Sunday, February 24, 2008

America is now completely secure!

" Don't even bother," the Secretary of the Department of Homeland Defence advises the terrorist hoards

In an unexpected yet welcome address to the nation recently, the Secretary of Homeland Defence, Michael Chertoff, announced that as of 12:05 AM EDT, the continental United States is now completely secure from terrorist attack. “There is now absolutely no way for terrorists to enter the United States any more. Security technologies developed since the 9/11 attacks have made it possible for us to 100% identify any terrorist who tries to enter this country, including Alaska and much of Hawaii.”

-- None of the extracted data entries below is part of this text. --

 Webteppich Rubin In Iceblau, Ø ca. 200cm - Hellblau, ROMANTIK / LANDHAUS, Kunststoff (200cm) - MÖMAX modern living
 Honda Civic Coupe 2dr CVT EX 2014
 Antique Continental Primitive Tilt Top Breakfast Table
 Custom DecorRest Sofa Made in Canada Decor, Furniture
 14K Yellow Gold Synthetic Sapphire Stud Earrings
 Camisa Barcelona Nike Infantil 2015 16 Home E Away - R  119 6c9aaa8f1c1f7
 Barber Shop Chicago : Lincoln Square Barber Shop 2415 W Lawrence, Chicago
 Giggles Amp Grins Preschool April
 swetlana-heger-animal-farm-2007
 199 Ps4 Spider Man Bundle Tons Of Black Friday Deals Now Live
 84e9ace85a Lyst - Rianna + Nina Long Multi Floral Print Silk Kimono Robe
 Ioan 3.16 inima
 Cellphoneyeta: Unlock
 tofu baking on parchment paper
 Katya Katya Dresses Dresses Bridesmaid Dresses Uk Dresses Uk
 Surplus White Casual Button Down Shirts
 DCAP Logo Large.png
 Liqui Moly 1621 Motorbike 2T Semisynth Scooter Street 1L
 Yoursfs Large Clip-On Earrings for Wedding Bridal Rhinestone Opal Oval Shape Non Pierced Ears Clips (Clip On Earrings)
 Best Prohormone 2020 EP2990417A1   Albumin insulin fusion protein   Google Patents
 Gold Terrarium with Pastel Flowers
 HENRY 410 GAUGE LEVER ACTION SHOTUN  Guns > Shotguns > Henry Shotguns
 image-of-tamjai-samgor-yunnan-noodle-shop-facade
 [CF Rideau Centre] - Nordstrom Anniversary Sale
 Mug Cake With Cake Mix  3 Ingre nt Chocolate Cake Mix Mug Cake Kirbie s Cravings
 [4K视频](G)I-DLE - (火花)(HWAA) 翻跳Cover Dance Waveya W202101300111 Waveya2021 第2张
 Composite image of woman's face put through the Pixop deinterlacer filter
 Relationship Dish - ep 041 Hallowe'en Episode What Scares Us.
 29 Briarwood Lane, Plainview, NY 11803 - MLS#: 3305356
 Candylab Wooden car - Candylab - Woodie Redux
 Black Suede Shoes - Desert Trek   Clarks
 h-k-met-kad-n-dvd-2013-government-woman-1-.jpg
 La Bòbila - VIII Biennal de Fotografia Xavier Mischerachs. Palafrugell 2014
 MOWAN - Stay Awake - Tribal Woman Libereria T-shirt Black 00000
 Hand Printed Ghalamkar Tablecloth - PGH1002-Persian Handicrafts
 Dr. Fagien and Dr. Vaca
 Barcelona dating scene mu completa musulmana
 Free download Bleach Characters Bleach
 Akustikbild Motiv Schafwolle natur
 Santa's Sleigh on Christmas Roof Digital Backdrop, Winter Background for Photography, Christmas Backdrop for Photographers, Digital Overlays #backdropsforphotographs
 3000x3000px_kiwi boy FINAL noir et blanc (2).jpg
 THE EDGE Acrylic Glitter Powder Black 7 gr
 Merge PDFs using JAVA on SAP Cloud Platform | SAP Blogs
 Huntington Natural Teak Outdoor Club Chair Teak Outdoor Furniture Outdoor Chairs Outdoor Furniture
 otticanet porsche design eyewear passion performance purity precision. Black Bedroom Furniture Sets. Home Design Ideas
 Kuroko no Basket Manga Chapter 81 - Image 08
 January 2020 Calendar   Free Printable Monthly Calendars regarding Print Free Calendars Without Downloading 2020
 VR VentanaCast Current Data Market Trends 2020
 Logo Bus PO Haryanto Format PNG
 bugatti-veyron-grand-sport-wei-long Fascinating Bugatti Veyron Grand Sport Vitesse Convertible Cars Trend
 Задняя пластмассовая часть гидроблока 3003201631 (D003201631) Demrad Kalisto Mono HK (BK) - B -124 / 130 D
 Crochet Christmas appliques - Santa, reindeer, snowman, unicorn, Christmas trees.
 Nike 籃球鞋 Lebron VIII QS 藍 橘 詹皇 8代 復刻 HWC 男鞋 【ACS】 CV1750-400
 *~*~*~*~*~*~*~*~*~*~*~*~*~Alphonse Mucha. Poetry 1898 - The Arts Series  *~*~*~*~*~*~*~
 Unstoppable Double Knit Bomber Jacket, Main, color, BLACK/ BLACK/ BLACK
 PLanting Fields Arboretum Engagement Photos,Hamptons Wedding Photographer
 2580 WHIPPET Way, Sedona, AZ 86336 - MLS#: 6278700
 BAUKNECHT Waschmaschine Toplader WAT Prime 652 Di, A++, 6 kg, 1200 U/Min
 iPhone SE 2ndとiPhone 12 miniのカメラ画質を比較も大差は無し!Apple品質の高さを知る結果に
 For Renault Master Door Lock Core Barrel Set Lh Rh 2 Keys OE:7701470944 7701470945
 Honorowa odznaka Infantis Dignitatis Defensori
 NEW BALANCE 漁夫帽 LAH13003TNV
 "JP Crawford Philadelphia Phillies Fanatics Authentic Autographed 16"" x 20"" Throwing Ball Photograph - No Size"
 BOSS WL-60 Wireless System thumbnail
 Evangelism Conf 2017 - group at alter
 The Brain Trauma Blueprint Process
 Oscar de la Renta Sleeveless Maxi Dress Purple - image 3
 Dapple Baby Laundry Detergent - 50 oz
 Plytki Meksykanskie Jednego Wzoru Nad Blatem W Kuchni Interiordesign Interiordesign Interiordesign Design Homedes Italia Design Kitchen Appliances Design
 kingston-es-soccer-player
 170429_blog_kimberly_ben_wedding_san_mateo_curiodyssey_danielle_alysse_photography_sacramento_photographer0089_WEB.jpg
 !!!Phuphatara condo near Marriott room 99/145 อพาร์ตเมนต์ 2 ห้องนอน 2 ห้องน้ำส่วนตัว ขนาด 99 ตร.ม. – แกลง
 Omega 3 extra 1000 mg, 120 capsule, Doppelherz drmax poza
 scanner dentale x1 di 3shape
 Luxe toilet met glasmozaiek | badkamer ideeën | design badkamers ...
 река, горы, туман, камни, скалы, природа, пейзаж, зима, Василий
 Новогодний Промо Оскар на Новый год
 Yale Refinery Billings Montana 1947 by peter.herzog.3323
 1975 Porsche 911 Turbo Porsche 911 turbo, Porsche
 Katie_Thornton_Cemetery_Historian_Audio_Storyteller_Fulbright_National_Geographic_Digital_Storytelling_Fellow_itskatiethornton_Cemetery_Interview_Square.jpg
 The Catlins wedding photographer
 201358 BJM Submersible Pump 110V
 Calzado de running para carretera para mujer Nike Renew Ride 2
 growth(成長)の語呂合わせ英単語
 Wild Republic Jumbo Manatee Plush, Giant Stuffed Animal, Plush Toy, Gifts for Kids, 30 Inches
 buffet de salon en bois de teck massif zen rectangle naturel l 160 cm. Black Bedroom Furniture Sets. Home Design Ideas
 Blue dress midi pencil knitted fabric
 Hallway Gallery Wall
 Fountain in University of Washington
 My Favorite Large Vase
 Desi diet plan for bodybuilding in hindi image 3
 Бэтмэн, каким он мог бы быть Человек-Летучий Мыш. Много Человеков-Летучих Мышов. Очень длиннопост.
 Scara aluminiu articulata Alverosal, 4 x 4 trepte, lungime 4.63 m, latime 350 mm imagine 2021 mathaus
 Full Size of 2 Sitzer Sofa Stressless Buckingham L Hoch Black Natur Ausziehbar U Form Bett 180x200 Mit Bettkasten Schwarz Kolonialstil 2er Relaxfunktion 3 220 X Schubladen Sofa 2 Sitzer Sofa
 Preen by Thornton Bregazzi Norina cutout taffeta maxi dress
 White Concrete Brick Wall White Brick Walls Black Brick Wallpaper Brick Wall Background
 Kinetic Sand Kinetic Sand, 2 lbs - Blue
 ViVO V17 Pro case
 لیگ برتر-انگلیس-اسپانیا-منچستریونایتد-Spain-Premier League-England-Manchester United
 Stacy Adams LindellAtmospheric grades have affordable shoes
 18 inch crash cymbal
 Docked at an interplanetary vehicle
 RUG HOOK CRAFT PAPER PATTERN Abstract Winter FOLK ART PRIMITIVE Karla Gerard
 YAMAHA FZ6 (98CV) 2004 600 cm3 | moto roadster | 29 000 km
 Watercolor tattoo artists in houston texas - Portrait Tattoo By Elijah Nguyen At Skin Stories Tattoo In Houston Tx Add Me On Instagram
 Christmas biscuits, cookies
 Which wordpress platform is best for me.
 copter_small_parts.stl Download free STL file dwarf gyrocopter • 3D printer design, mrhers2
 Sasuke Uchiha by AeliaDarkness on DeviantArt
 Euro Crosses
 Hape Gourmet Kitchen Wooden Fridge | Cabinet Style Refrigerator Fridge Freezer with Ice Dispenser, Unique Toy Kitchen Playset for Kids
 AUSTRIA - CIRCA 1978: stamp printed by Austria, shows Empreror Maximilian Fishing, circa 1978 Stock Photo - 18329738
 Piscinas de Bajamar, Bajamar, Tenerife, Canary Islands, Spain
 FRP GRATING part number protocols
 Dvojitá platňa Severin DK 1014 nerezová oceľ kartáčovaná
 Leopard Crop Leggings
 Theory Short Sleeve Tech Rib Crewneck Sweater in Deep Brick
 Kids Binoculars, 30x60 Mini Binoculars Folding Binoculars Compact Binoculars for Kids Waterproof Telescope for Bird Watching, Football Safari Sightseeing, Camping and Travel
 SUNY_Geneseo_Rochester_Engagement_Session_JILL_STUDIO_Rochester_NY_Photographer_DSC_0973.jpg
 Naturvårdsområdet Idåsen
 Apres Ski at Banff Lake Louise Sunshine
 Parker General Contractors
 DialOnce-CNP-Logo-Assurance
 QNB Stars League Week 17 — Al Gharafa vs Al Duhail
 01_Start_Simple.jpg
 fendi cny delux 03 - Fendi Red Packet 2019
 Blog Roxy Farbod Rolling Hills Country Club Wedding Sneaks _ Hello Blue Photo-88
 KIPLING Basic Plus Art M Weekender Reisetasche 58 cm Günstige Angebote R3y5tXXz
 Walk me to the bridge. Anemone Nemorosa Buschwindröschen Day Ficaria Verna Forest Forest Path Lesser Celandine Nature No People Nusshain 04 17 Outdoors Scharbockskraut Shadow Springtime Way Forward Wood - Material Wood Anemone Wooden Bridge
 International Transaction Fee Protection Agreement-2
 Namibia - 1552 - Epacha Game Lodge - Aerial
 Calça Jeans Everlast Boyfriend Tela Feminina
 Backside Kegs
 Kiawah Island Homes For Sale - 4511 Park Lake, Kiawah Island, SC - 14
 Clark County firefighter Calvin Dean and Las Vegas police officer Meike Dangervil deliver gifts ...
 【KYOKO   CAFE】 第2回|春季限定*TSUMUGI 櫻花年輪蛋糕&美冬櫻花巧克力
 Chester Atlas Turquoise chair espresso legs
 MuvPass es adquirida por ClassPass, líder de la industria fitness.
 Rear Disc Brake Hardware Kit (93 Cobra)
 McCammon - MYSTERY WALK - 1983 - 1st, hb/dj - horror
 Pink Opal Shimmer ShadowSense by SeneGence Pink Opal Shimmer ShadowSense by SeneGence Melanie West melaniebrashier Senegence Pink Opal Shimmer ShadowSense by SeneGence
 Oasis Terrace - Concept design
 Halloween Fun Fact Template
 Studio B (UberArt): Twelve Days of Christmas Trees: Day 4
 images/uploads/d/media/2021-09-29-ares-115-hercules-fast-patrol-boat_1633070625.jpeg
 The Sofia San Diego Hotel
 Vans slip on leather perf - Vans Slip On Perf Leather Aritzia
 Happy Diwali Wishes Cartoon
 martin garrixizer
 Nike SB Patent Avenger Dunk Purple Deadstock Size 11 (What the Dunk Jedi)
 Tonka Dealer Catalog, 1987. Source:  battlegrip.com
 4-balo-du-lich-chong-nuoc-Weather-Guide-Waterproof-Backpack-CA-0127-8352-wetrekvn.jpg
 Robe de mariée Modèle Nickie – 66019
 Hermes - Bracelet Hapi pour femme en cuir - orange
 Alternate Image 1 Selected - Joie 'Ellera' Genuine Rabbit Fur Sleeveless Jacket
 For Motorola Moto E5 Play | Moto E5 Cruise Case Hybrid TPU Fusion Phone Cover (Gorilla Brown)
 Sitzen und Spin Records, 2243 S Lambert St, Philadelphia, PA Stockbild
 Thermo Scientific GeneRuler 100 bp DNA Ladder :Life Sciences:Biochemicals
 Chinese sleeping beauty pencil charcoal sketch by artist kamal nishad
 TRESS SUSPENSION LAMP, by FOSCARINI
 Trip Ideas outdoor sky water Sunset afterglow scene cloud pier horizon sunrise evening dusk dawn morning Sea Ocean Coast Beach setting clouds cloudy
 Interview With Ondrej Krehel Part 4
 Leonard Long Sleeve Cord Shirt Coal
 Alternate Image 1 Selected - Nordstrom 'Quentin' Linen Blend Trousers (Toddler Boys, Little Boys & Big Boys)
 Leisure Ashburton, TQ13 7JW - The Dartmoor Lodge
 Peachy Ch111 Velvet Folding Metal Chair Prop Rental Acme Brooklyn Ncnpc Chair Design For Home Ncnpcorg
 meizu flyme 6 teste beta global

In an unprecedented display of openness the Secretary displayed the new technologies that now guarantee America’s security. First and foremost it the face recognition technology that has been grafted with patented body-language reader programs. “This will be the frontline defence of our new security regime with a proven effectiveness of 97.7%,” claims Secretary Chertoff. “Every entrance point to the United States has been equipped with these systems and each is capable of scanning the faces of 1700 people per minute. Each facial profile is compared to our criminal and terrorist database in Washington, DC, and an instant alert goes out when a threat suspect is detected. This is very expensive technology but it has been proven effective and will be a great asset to our nation’s security.”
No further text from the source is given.